Теперь там вблизи друг от друга очутилось два неподвижных актера. По невнимательности или по злому умыслу вновь пришедший наступил на телогрейку Дондога. Он подозрительно водил головой с блуждающими глазами, словно подслеповатый, который пытается компенсировать свой изъян, прибегая к остальным чувствам, и принюхивался к затхлым запахам мусорного ведра, проникшим вслед за ним с лестничного пролета. Это было коренастое существо лет пятидесяти с гаком, облаченное в пропитанную потом белую рубашку с короткими рукавами и штаны в армейском стиле, с несколькими карманами и многочисленными пятнами. Из-за пояса по кругу вываливался складками жира живот. Он не угрожал оружием. Определить, не швитт ли это, не представлялось возможным.
Прошло шесть секунд. Потом седьмая.
Тогда человек спросил:
– Вы здесь, Бальбаян?
Дондог изучал изнуренное, покрытое потом лицо, желтоватую кожу, которой приток крови придавал коричневый оттенок, серые волосы, зондировал лишенный выражения взгляд этого типа, готовившегося, быть может, выхватить из-за спины десантный нож и пырнуть его, а может, и нет. Глаза человека были в общем-то мутно-карими. И незрячими.
– Да, – сказал Дондог.
Тот навострил левое ухо в направлении, откуда донесся голос Дондога, и его веки сместились не объяснимым разумно образом, словно избрали в качестве мишени дверь в квартиру 4В.
– Я здесь, – уклончиво подтвердил Дондог.
– Джесси Лоо прислала меня вместо себя, – сказал другой.
– А, – сказал Дондог.
– Меня зовут Маркони, – представился человек.
Он подправил угол удара своего взгляда. Было такое впечатление, что теперь он сосредоточил все внимание на правом плече Дондога.
– Джон Маркони, – добавил он.
– А Джесси Лоо, – сказал Дондог, – она что, не придет?
– Думаю, должна подойти, – сказал Маркони. – Но попозже.
– А, – откликнулся Дондог.
– Она или я – для вас это без разницы, – сказал Маркони.
Он порылся у себя в заднем кармане. Дондог прислонился к стене. Он готов был увидеть, как возникнет остро отточенное стальное лезвие и вонзится ему для начала в печень, но Маркони вытащил ригельный ключ с прицепленной пластиковой биркой, на которой фигурировали цифра 4 и буква А. Без колебаний, ничего не ощупывая, он вставил ключ в замочную скважину квартиры 4А. Уверенность его движений разбудила в Дондоге подозрение, что, возможно, явившийся только прикидывается слепым. Гипотеза, однако, влекла за собой настолько несообразные и неприятные последствия, что лучше было ее немедленно отмести. В этом нет никакого смысла, подумал Дондог. Это ни к чему не ведет.

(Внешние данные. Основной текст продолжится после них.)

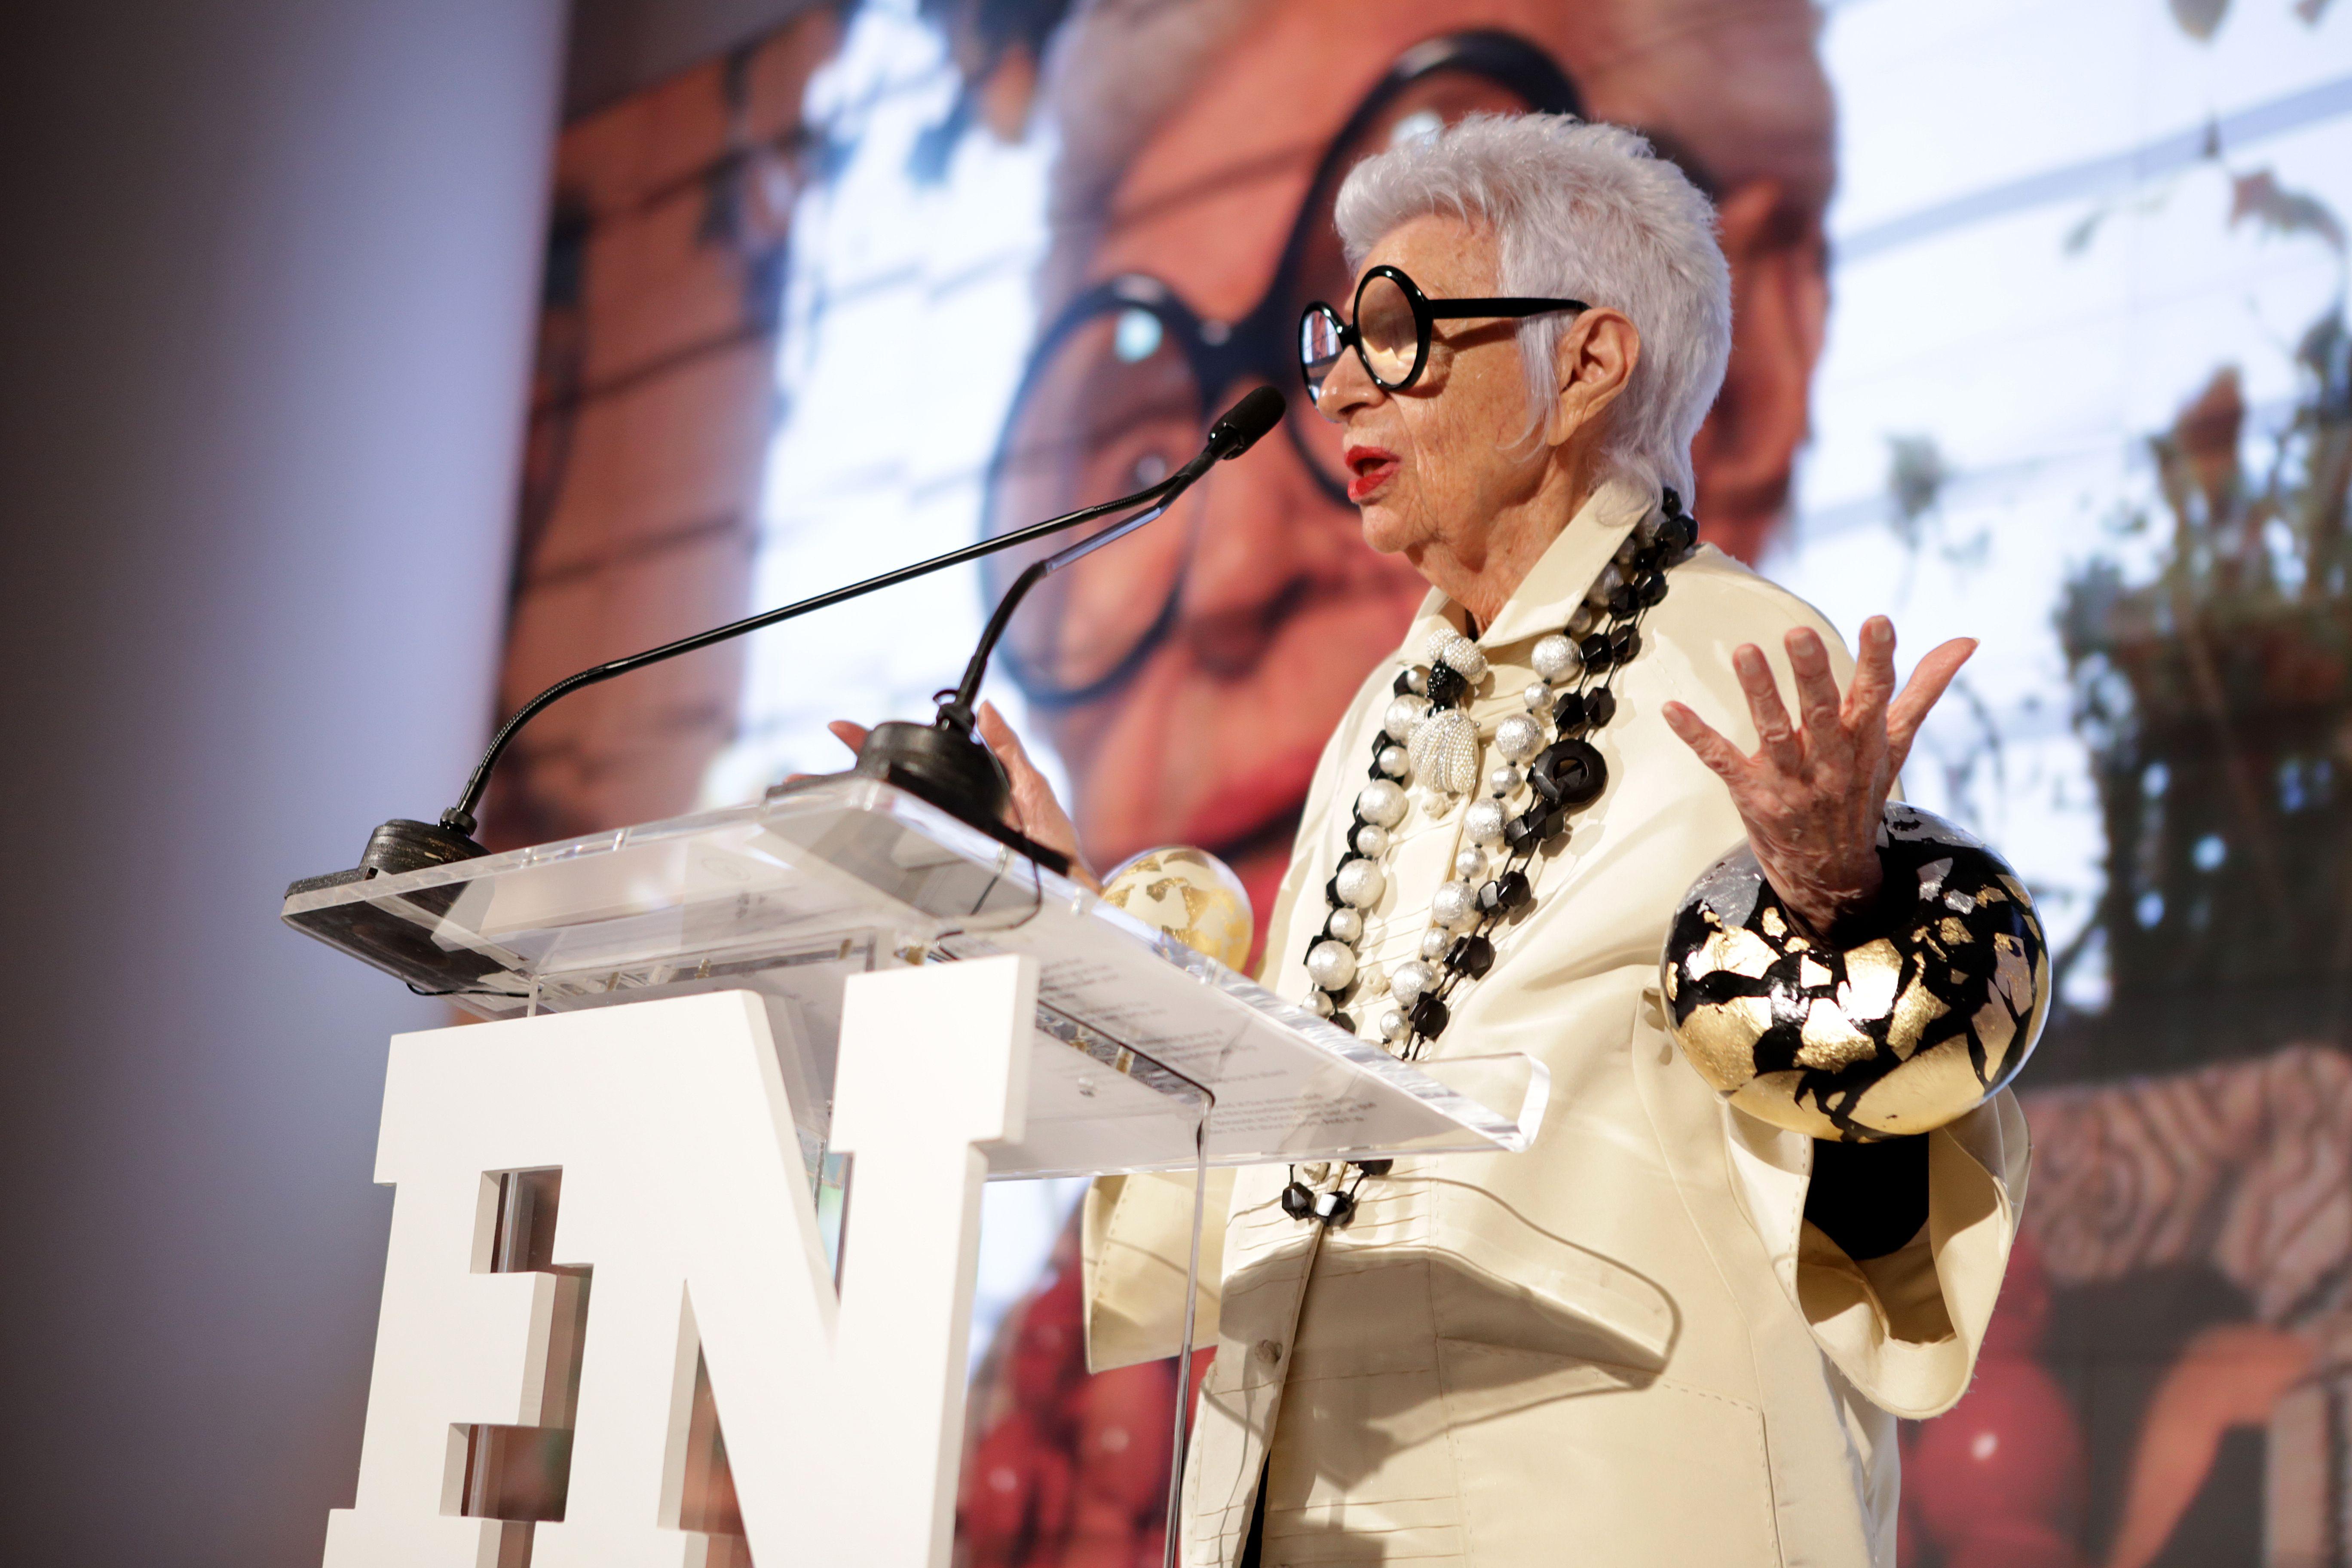 Iris Apfel holder foredrag i 2016 (Foto: All Over)

Поскольку Маркони перестал вытирать подметки о рукав телогрейки, Дондог подобрал ее и встряхнул, потом, не зная, что с ней делать, натянул на себя. Маркони тем временем зашел в квартиру. Дондог последовал за ним.
4А оказалась в полном порядке, но слишком долгою была череда лет, когда сюда никто не наведывался, чтобы убрать и проветрить. Вот почему во влажном летнем зное и во влажной прохладе прохладного сезона здесь разросся и преумножился черный грибок, покрывший пушистым слоем все поверхности. Мебель тонула под его проказой, диван, казалось, превратился в липкую западню, линолеум на полу словно опрыскан коричневатым клеем. На потолке и стенах распустились огромные мохнатые пятна, в общем и целом угольно-черные, но не лишенные нюансов: цвета воронова крыла, крыла летучей мыши, бистра, антрацита, антрацитовой пыли.
Весь кислород куда-то подевался. Его заменила пропитанная плесенью вонь.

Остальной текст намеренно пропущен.